The siblings are carrying forward the legacy of their father Sanjay S. Lalbhai (also, chairman of Arvind Ltd) and those from the Lalbhai family before him, who helped build flagship Arvind Ltd into a textile powerhouse. While Punit manages Arvind Ltd and Anup Engineering, Kulin is in charge of Arvind Fashions and Arvind SmartSpaces.
But what the duo is engaged in is not about scale alone; it’s about finding context for a nearly 100-year-old textile giant in a landscape where change is the only constant.
IN 1931, brothers Kasturbhai, Narottambhai, and Chimanbhai set up Arvind Mills Ltd in Ahmedabad to produce high-quality, superfine fabrics, in response to Mahatma Gandhi’s call for Swadeshi products. And from its first licensed brand in 1993, Arvind focussed on denim between 1997 and 2002, eventually becoming the world’s largest producer of the fabric. Currently, its portfolio includes the rights to manufacture and sell in India global brands such as U.S. Polo Assn., Calvin Klein, Tommy Hilfiger, and Arrow.
The pandemic years were challenging for Arvind, which had a much broader portfolio pre-Covid. During Covid, the group realised that in this business, true value comes from creating scale within brands, says Kulin. “So, we said, ‘let’s concentrate our energies on franchises, which we believe will become very, very large’. We structured saying these five brands are strategic because of several reasons... there’s Tommy Hilfiger and Calvin Klein at the top; Polo and Arrow in the middle, and Flying Machine on the youth side.”
The decision to double down on core brands laid the foundation for Arvind’s transformation after Covid. “There were a few things we were very clear about. One, improving efficiencies across the group. Since pre-Covid, group PAT has almost doubled. We are now at a RoCE of 20%-plus,” says Kulin. It also worked on deleveraging across the group — a debt-Ebitda ratio of 3x pre-Covid has come down to 0.7 in 2025.
At the group level, Arvind has set a capex target of ₹1,700 crore for FY27, with textiles at ₹500 crore, real estate at ₹1,000 crore, and Arvind Fashions and Anup Engineering at ₹100 crore each. According to Capitaline, the cumulative total income and revenue from operations of the four listed companies witnessed a CAGR of 4.5% each in the past five years.
Kulin believes “the future [of fashion] is casual”, and has set clear goals: each brand should scale ₹1,000 crore, with a 20% RoCE, within three to four years. Anything that did not fit that matrix was exited, a move that “dramatically changed the face of the company”.
“Today, one brand — U.S. Polo — has crossed ₹2,000 crore, two (Tommy Hilfiger and Calvin Klein) are around ₹1,000 crore, and two (Arrow and Flying Machine) are above ₹500 crore,” says Kulin. With 22% RoCE and robust cash flows, Arvind Fashions has positioned itself well for an omnichannel future.
The company also underwent a strategic shift for growth. From a wholesale-heavy model (where either franchises or distributors would sell the products), it pivoted to direct selling. “In this business, whatever inventory gets left behind, that is where all the leakage is,” explains Kulin. “We took charge of the inventory… Stores are 50% of our business; online is 25%. So, 75% of our business is where we now control the entire lifecycle of the inventory, see the consumer we are selling to, and collect the cash flow from sales directly.”

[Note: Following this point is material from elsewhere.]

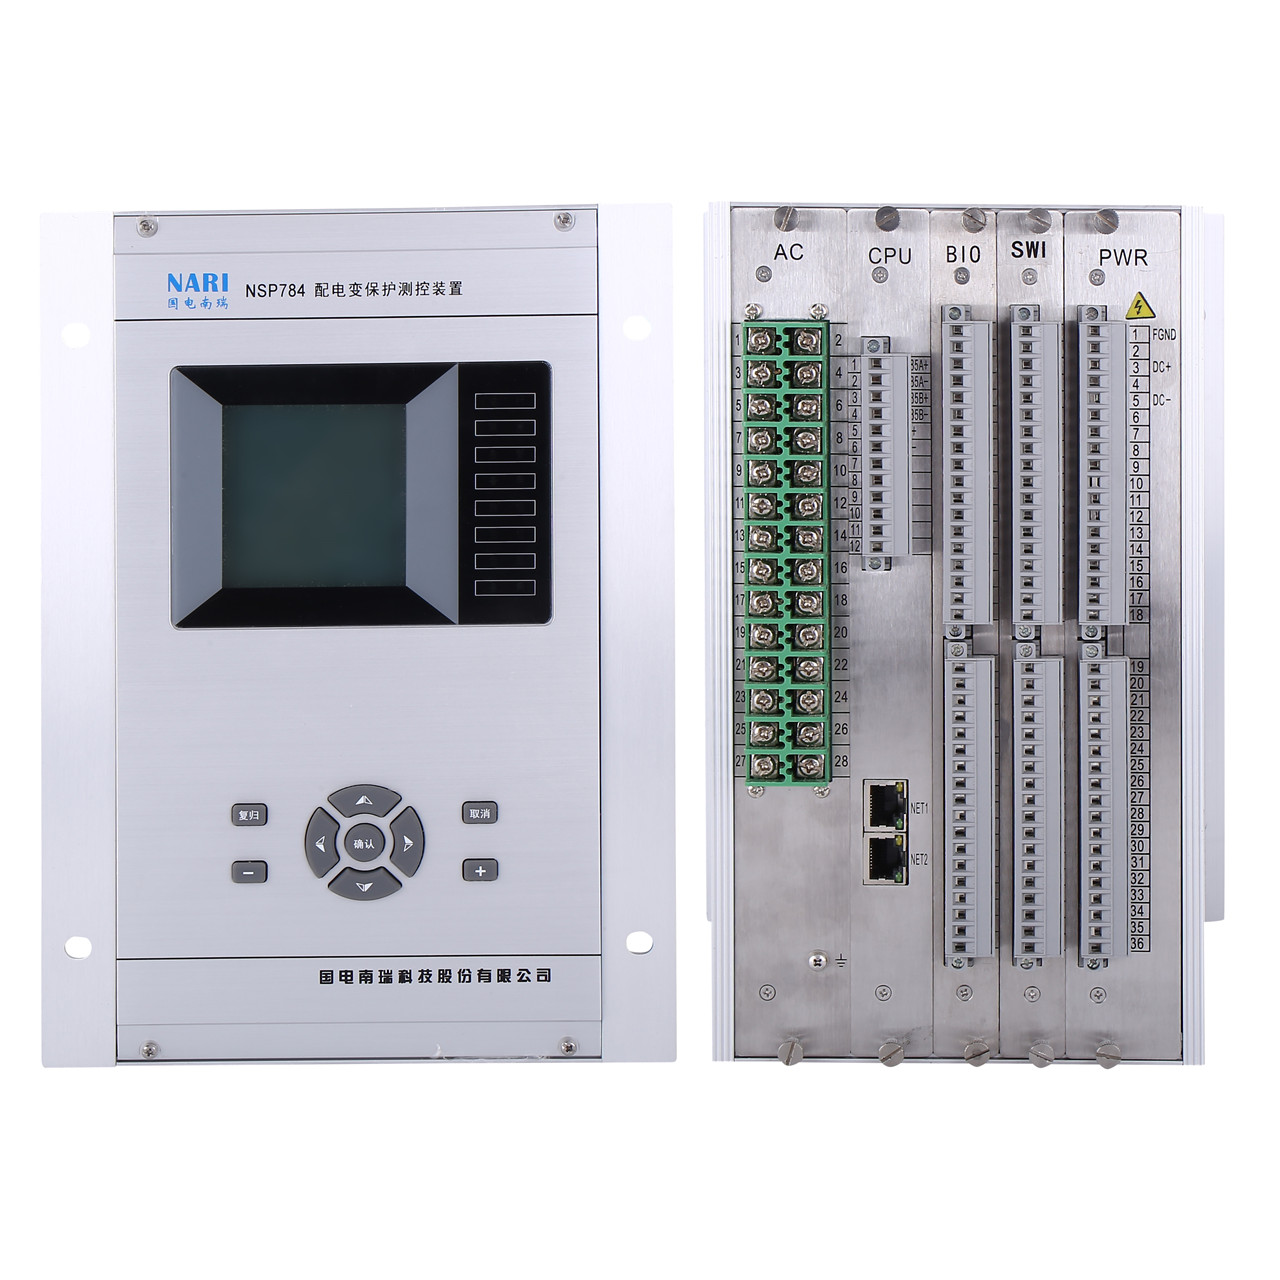 国电南瑞nsp784配电变保护测控装置

Technical textiles is another focus area. Arvind Advanced Materials Ltd (AAML), a wholly-owned subsidiary of Arvind Ltd, has built a ₹2,000-crore business, based on three major areas — human protection (technical garments used in hazardous conditions — a ₹1,000-crore business); industrial cluster focussed mainly on filtration (₹500 crore); and the industrial composites business, which are glass- and carbon-based fabrics (₹500 crore).
“The domestic consumption of these products is going to grow by leaps and bounds. We are at very, very early stages of consuming them in India. [Currently], it’s an export-dominated business... We have tie-ups with global technology providers for fibre, as well as with molecule suppliers and mass transportation experts,” says Punit.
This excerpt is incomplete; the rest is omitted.